If I remember correctly, this used to be a requirement for VFR at night. But I cannot seem to find it in NCO anymore (NCO.IDE.A.120). Perhaps this was in our old national regulations (pre JAR/EASA)?

For IFR it is obviously still required (NCO.IDE.A.125).

Last Edited by ErlendV at 01 Nov 13:49
FI, ATPL TKI and aviation writer
ENKJ, ENRK, Norway

ErlendV wrote:

If I remember correctly, this used to be a requirement for VFR. But I cannot seem to find it in NCO anymore (NCO.IDE.A.120). Perhaps this was in our old national regulations (pre JAR/EASA)?

It was not in the original part-NCO (from 2013), so if you remember that it used to be a requirement, it must have been pre-EASA, i.e. a national requirement in Norway.

As far as I remember an OAT indicator was a requirement in Sweden for night VFR but not for VFR by day. I have a recollection that under the old Swedish national rules the only difference in flight instrumentation requirements between night VFR and IFR was that for the latter you needed double altimeters.

ESKC (Uppsala/Sundbro), Sweden

Then we share these memories, @Airborne_again. Used to be pretty much the same regulations in Sweden and Norway.

I just found a reference in an old, norwegian textbook that all VFR flying night should be in accordance to the requirements for IFR instrumentation.

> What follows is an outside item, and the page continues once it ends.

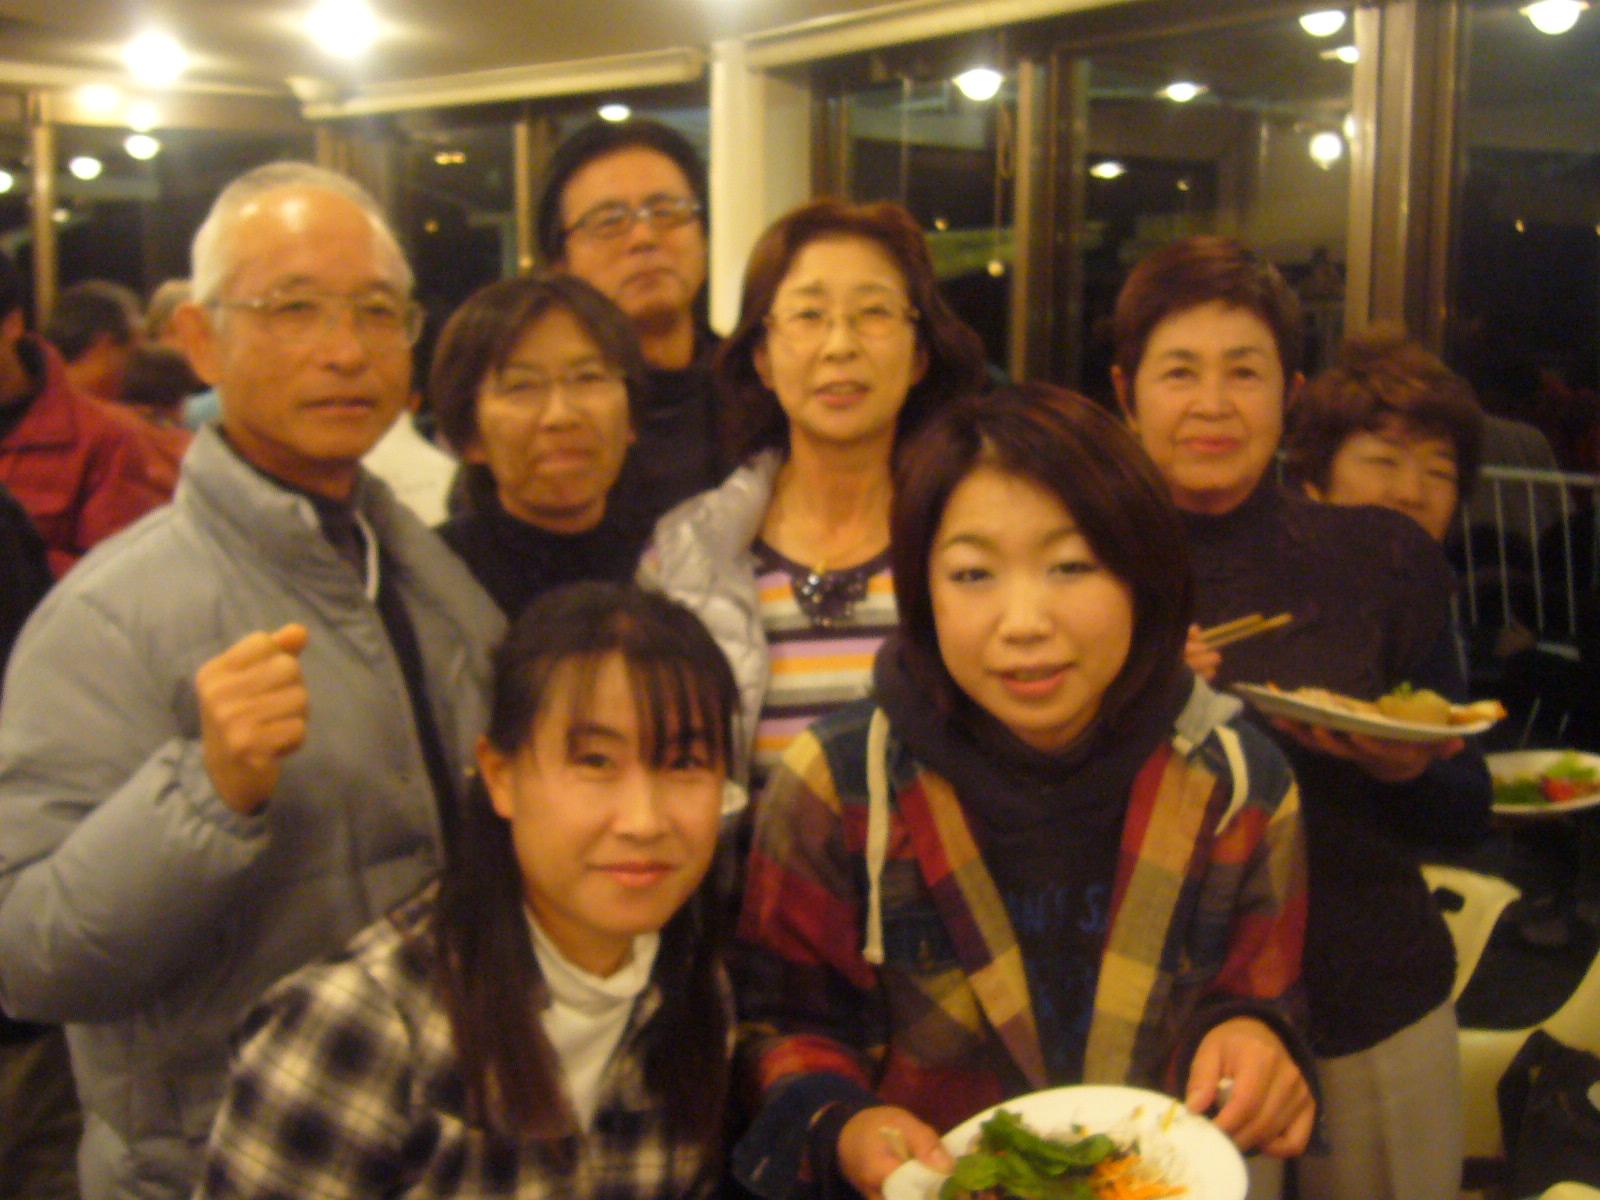 2010年 サンテニスクリスマスパーティー&団体戦_a0119344_9374780.jpg

FI, ATPL TKI and aviation writer
ENKJ, ENRK, Norway

Obviously OAT is good to know mainly for icing risk, but are there any other reasons to know it?

Fly more.
LSGY, Switzerland

The OAT dramatically affects the operating ceiling.

Administrator
Shoreham EGKA, United Kingdom

eurogaguest1980 wrote:

Obviously OAT is good to know mainly for icing risk, but are there any other reasons to know it?

I use it for power setting, but of course in practise a forecast or estimated temperature works well enough.

ESKC (Uppsala/Sundbro), Sweden

Useful to know if flying an approach in hilly or mountainous terrain especially if the temperature is dropping, as it can make quite a difference to your true altitude.

France

Don’t ModeS TXP like GTX have OAT built in antenna & displayed?